For the data below, transcribe the part that opens with the line containing "The McDonald’s app" and closes with the line containing "2016 Subaru Levorg", exactly and with no pictures.
DATASET: Begin
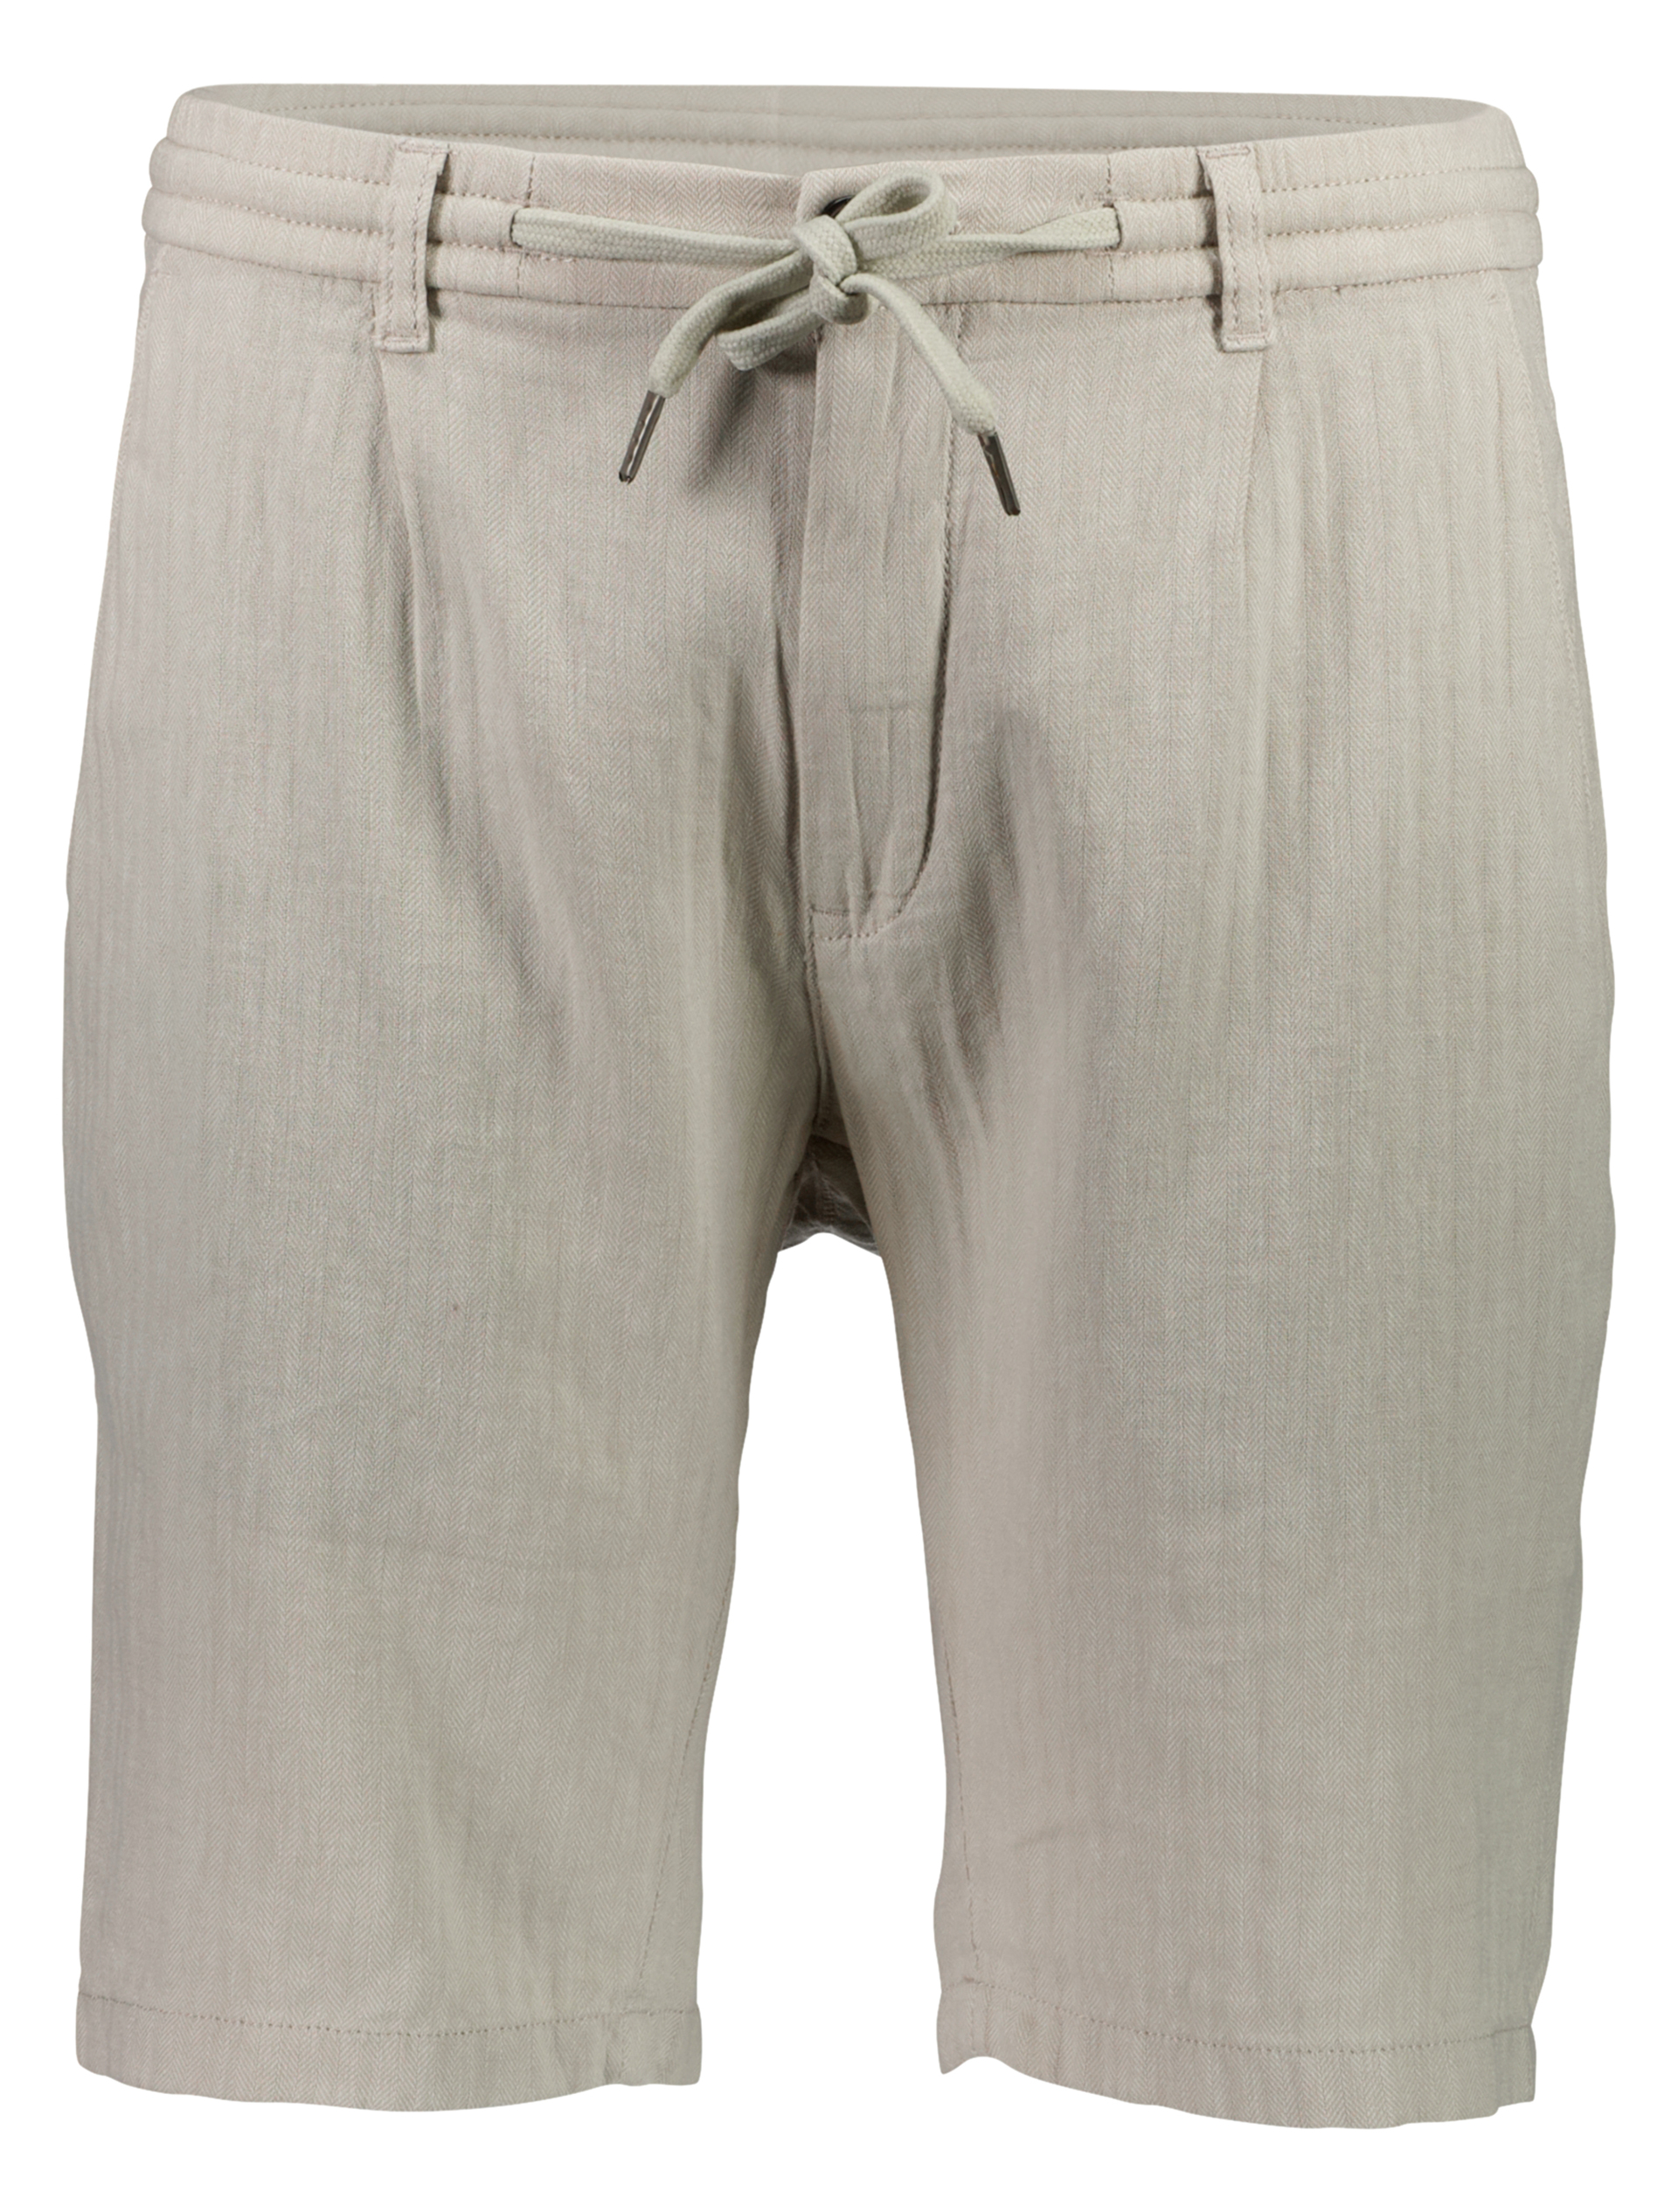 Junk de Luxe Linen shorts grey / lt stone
DATASET: End
DATASET: Begin
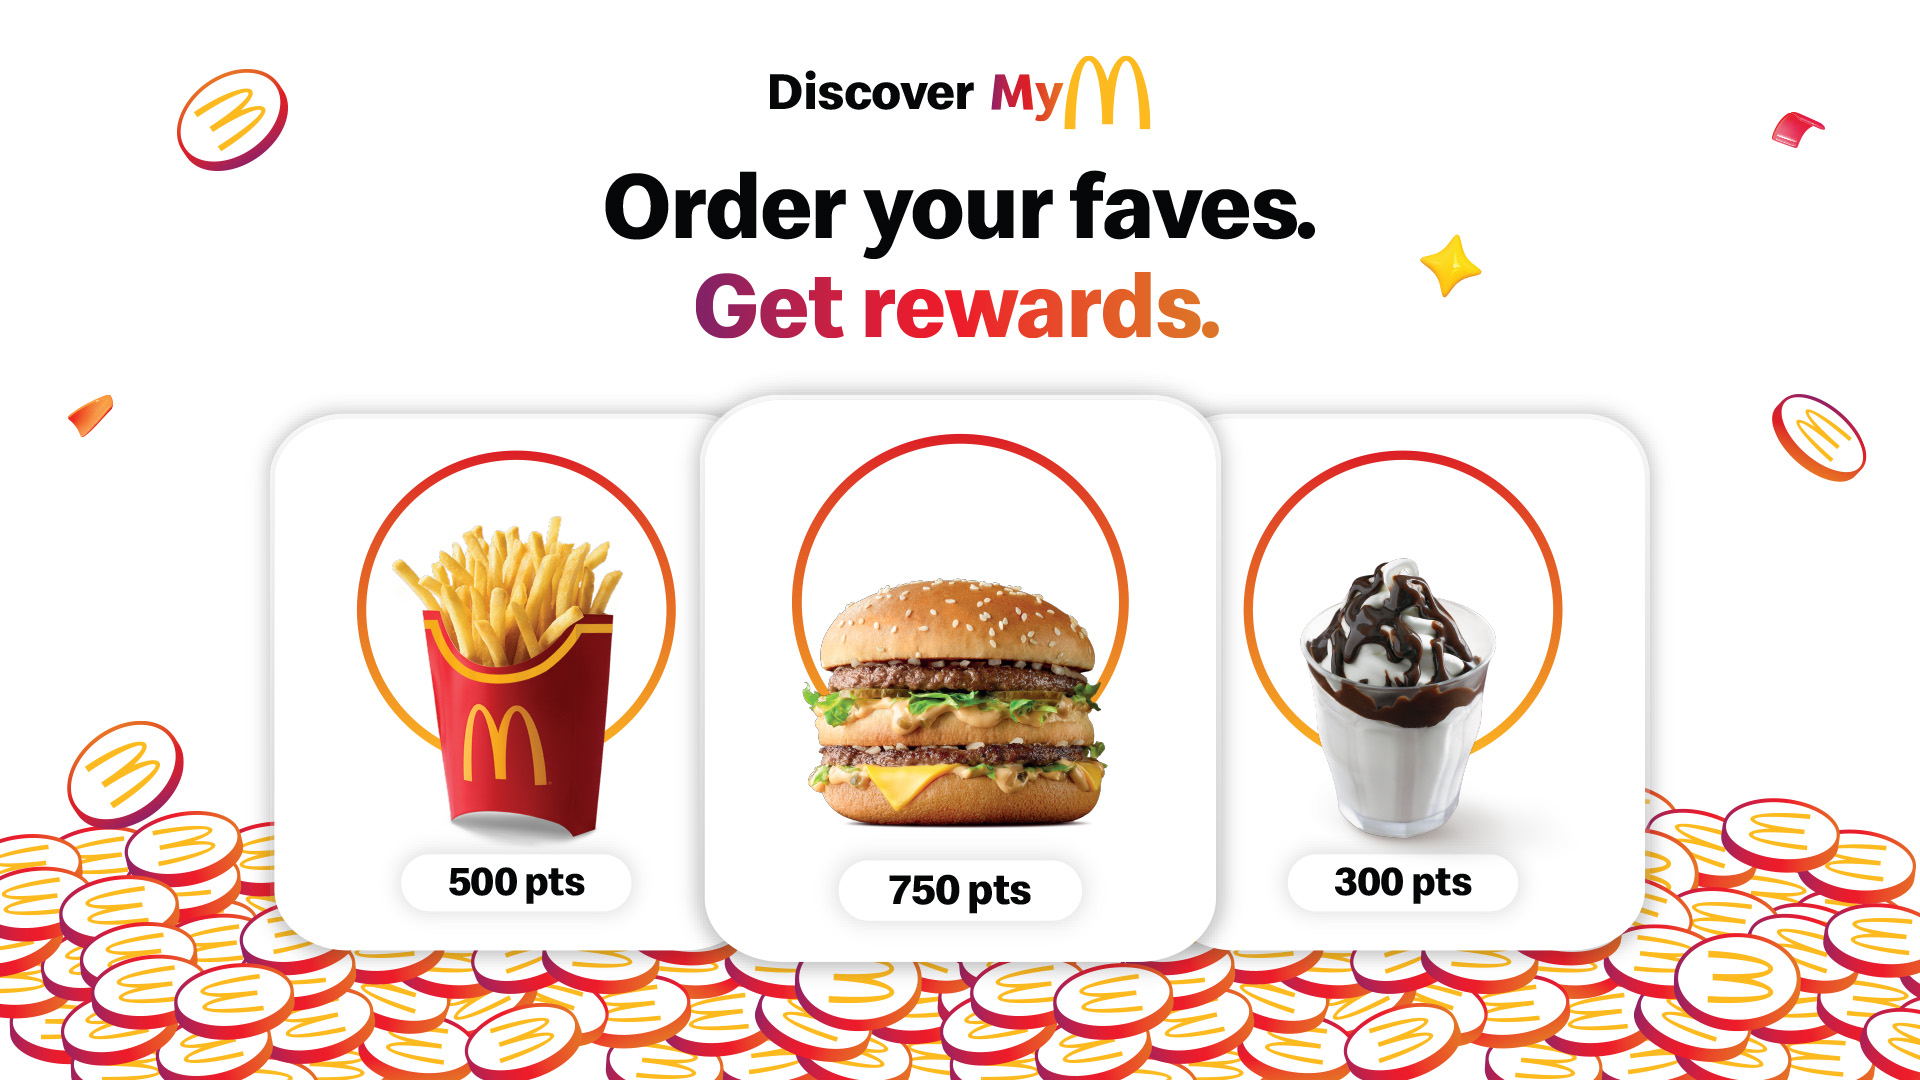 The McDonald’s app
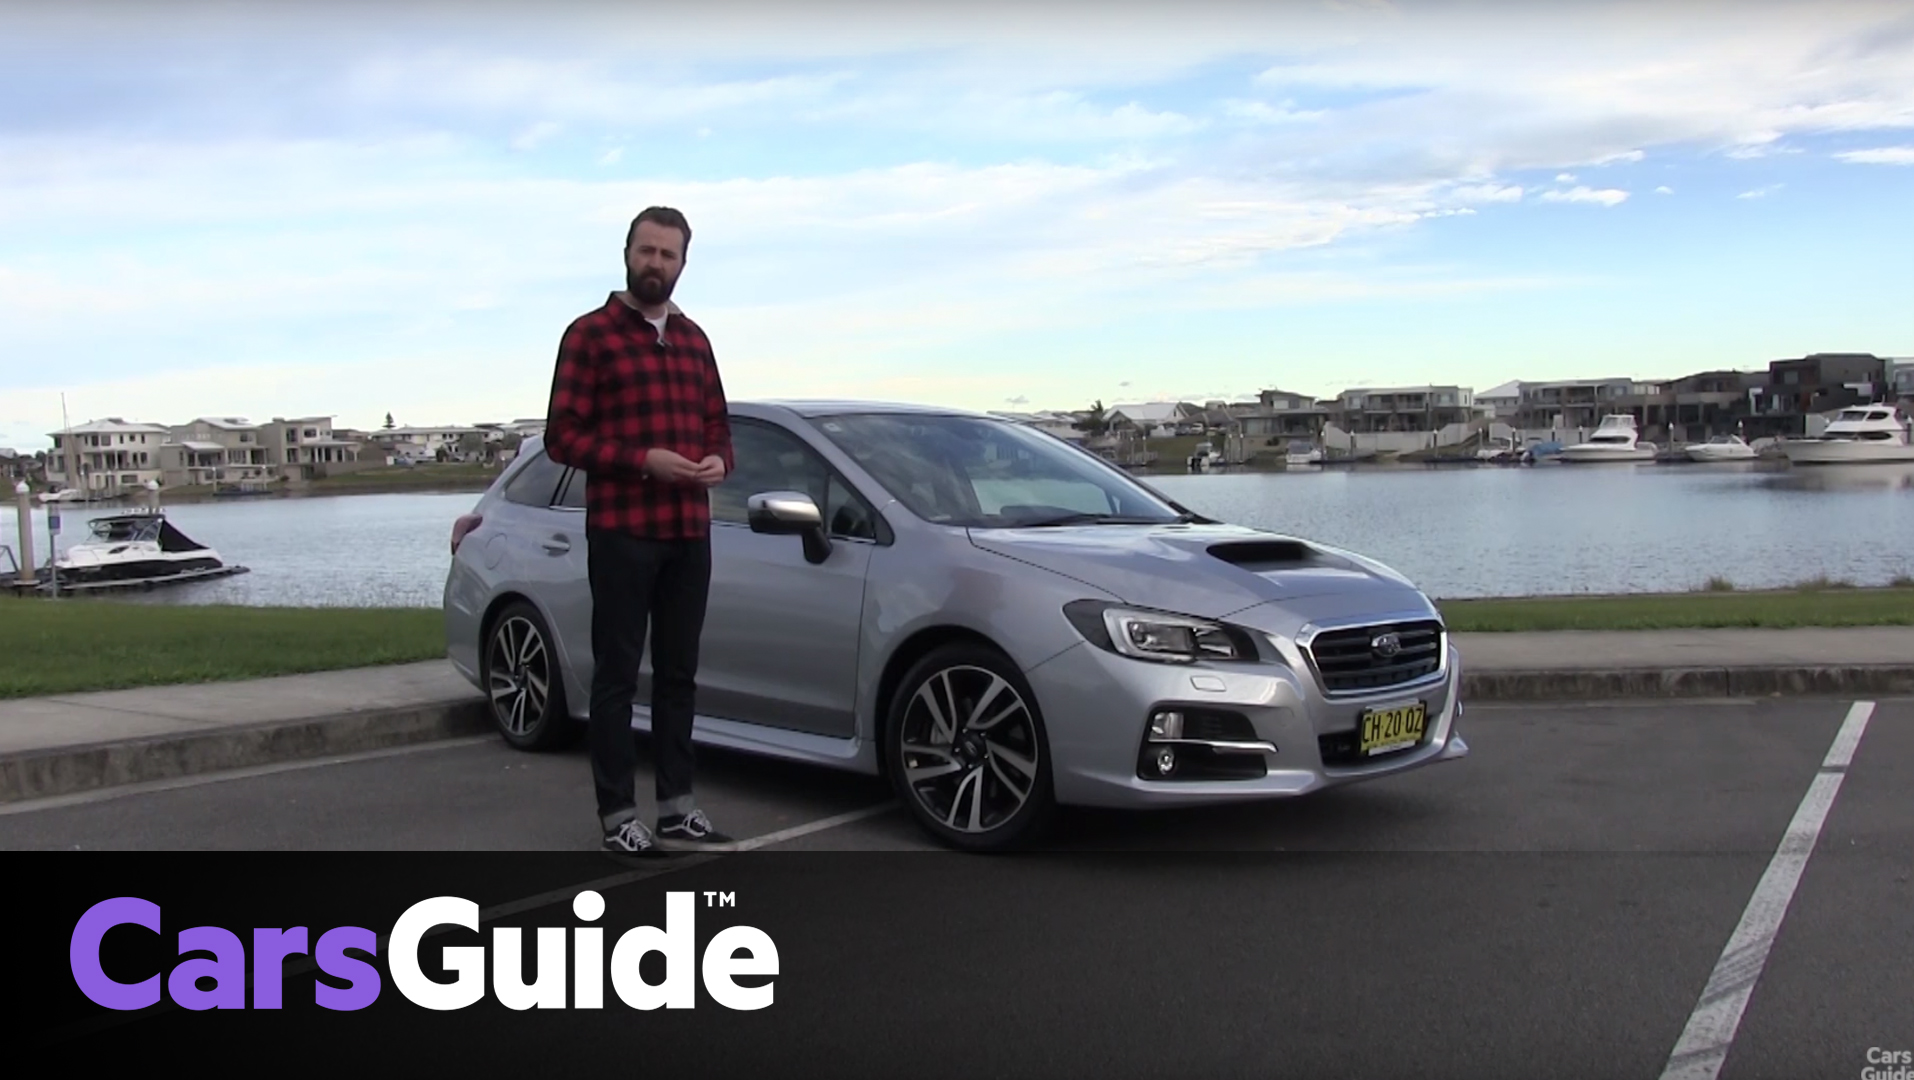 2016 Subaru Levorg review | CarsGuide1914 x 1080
DATASET: End
ANSWER SECTION:
 The McDonald’s app
 2016 Subaru Levorg review | CarsGuide1914 x 1080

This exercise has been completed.